Class C amplifiers conduct less than 50% of the input signal and the distortion at the output is high, but high efficiencies are possible. Some applications (for example, megaphones) can tolerate the distortion. A much more common application for Class C amplifiers is in RF transmitters, where the distortion can be vastly reduced by using tuned loads on the amplifier stage. The input signal is used to roughly switch the amplifying device on and off, which causes pulses of current to flow through a tuned circuit.

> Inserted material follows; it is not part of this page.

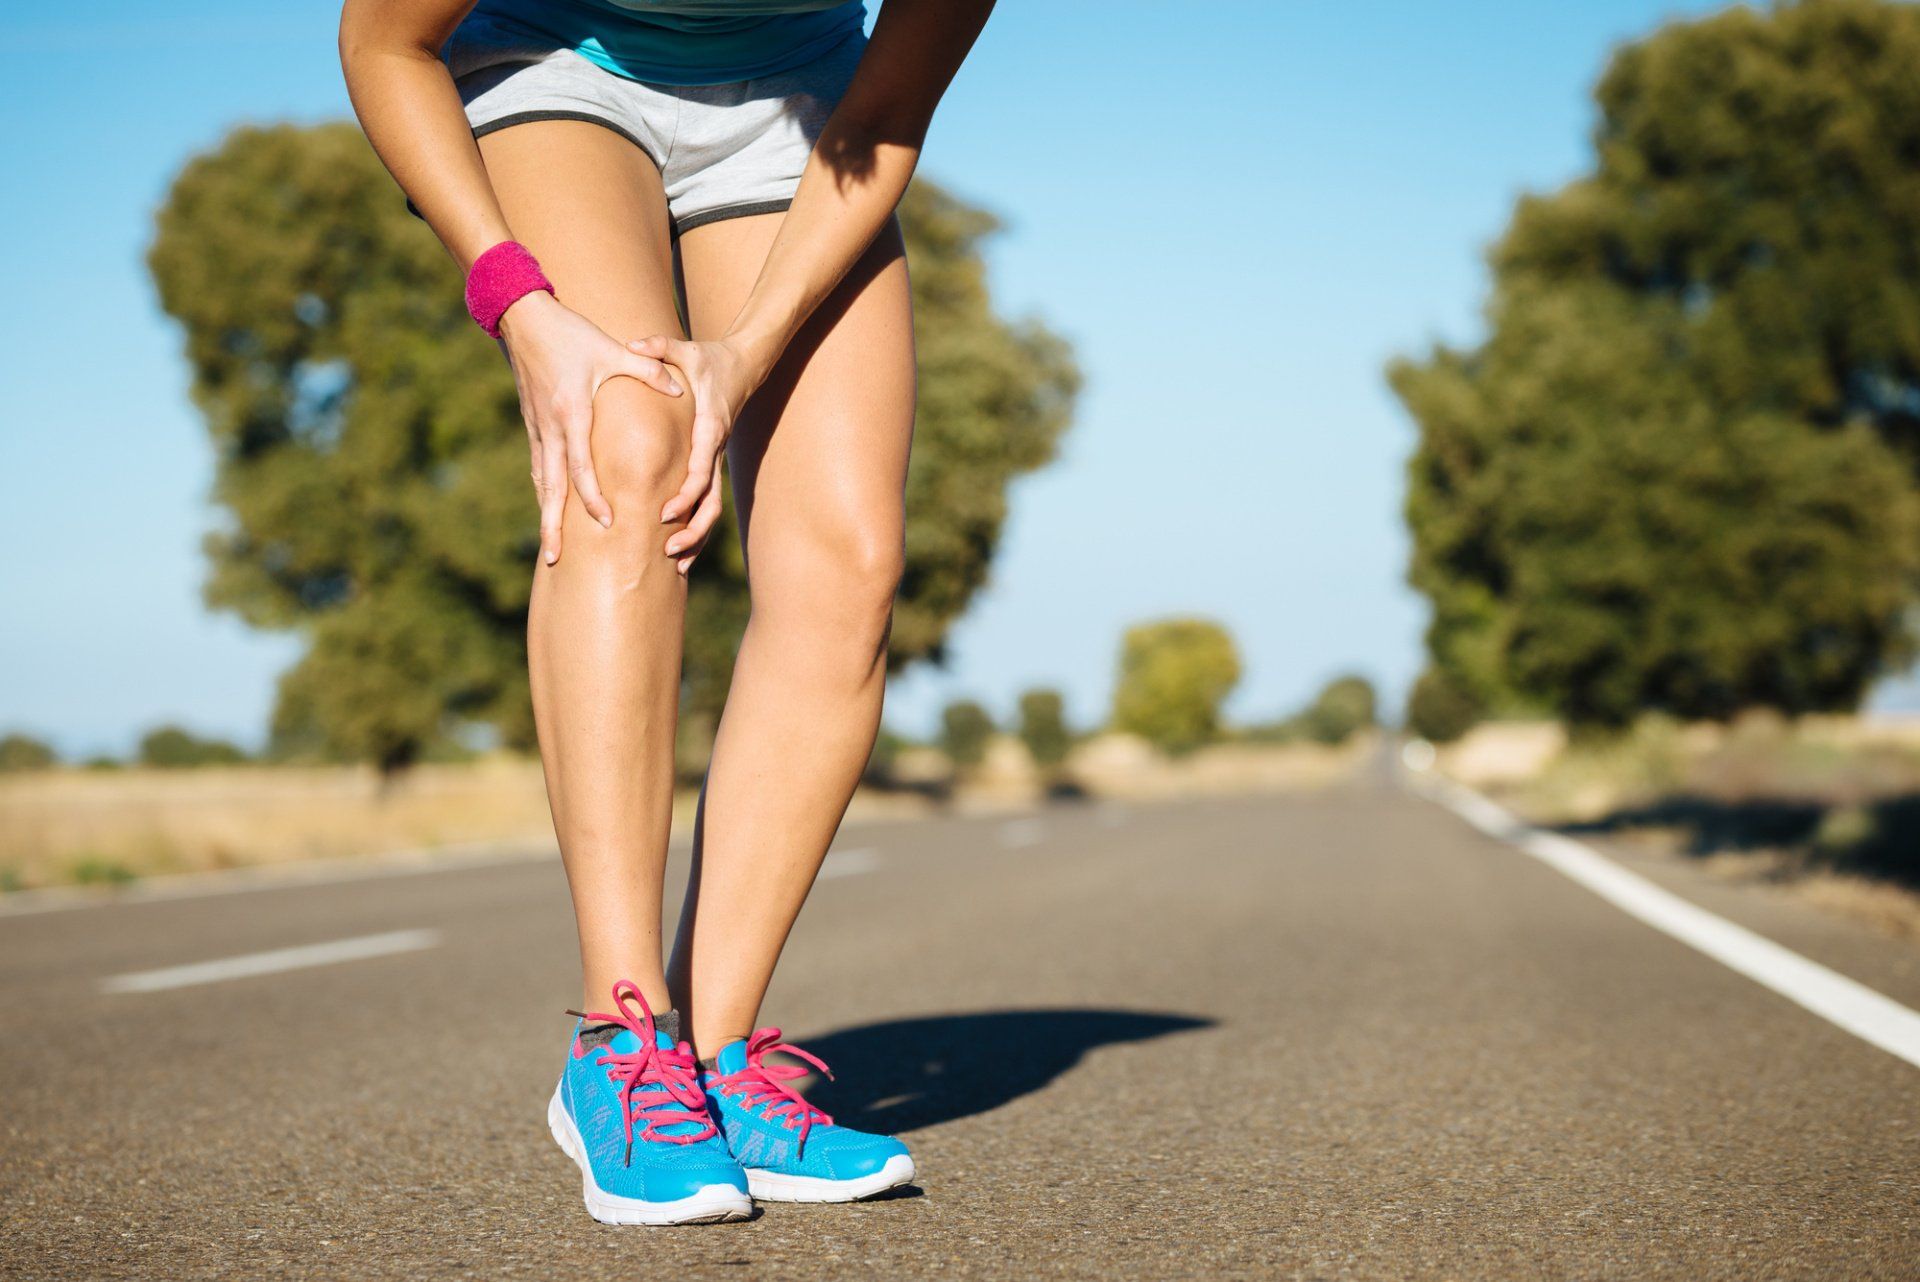 The ACL Tear: Risk Factors, Prevention, and Recovery

An audio amplifier is an electronic amplifier that amplifies low-power audio signals to a level suitable for driving loudspeakers. Audio signals generally refer to signals composed primarily of frequencies between 20 hertz to 20,000 hertz, the human range of hearing. An audio output amplifier is often the final stage in a typical audio playback chain. In a typical audio system, the audio amplifier is usually preceded by low power audio amplifiers which perform tasks like pre-amplification, equalization, tone control, mixing/effects, or audio sources like record players, CD players, and cassette players. Important applications include public address systems, theatrical and concert sound reinforcement, and domestic sound systems. The sound card in a personal computer contains several audio amplifiers (depending on number of channels), as does every stereo or home-theatre system. Most audio amplifiers require these low-level inputs to adhere to line levels. While the input signal to an audio amplifier may measure only a few hundred microwatts, its output may be tens, hundreds, or thousands of watts.

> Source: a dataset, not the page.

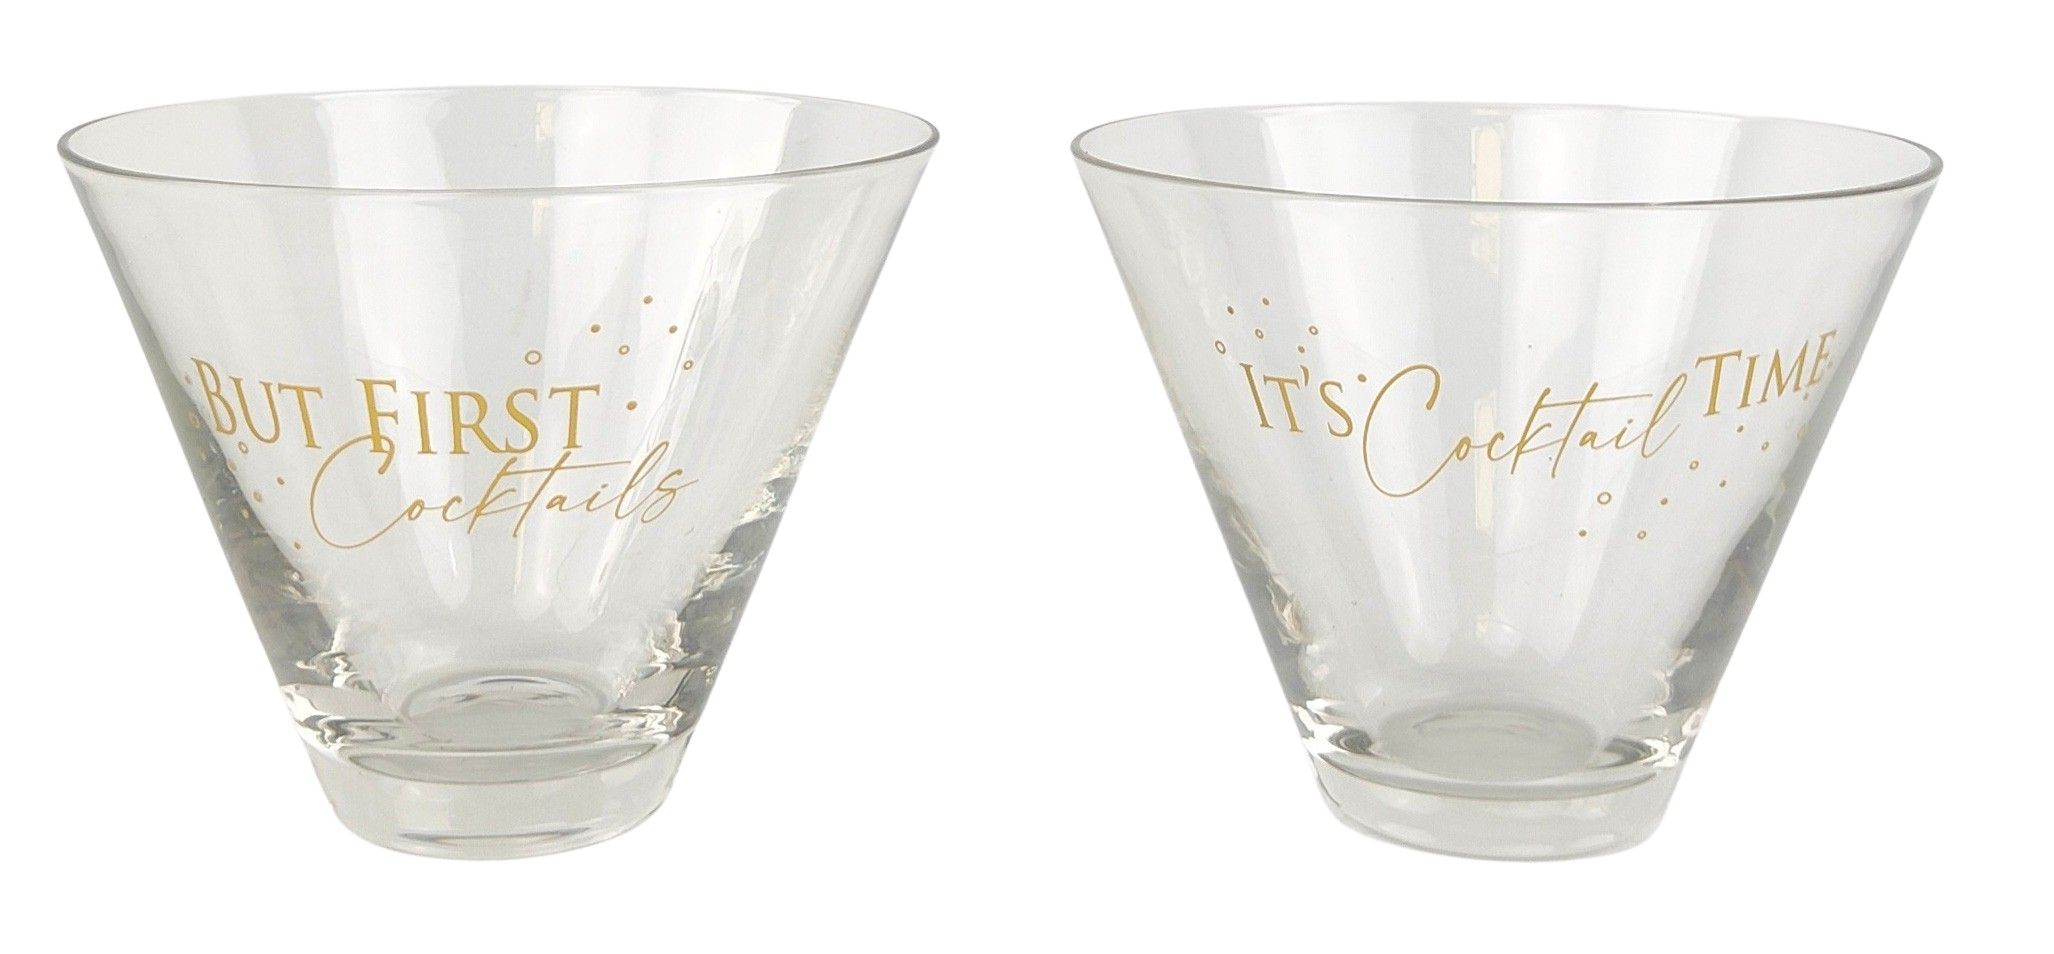 It's Cocktail Time Cocktail Glass | Set of 2

Class AB push-pull circuits are the most common design type found in audio power amplifiers. Class AB is widely considered a good compromise for audio amplifiers, since much of the time the music is quiet enough that the signal stays in the “class A” region, where it is amplified with good fidelity, and by definition if passing out of this region, is large enough that the distortion products typical of class B are relatively small. The crossover distortion can be reduced further by using negative feedback. Class B and AB amplifiers are sometimes used for RF linear amplifiers as well. Class B amplifiers are also favored in battery-operated devices, such as transistor radios.
Even though conventional audio amplifiers are widely used, they suffer from many limitations. One of the limitations is pop noise or click noise that can be produced in transient states of the amplifier. For example, a pop noises can often be heard during power-on of an audio amplifier. Conventional circuit techniques have been proposed, but they tend to be expensive and are often ineffective.
Accordingly, it is desirable to provide a simple and cost-effective techniques for improving amplifier circuit.
As noted above, conventional amplifier circuits often suffer from transient related problems, such as pop noise during power-up or power-down. According to embodiments of the present invention, a large RC time-constant generation circuit can be used in arranging the sequence of circuit events in different stages of the amplifier circuit. In other applications, it may also be desirable to have cost-effective circuits to generate large RC time-constant.
The present invention relates generally to electronic circuit techniques. More specifically, embodiments of the present invention relate to techniques for cost-effective circuits for generating RC time-constants. In a specific embodiment, a large RC time-constant circuit includes a capacitor coupled in series with an MOS transistor configured to operate in saturation mode. Merely as an example, such a large RC time-constant circuit has been implemented in an audio amplifier to minimize pop noise generation in an audio system. But it is recognized that the invention can be used in other circuits or systems in which large time-constants are needed, e.g., in delay generation circuits or compensation circuit, etc., in analog or digital systems.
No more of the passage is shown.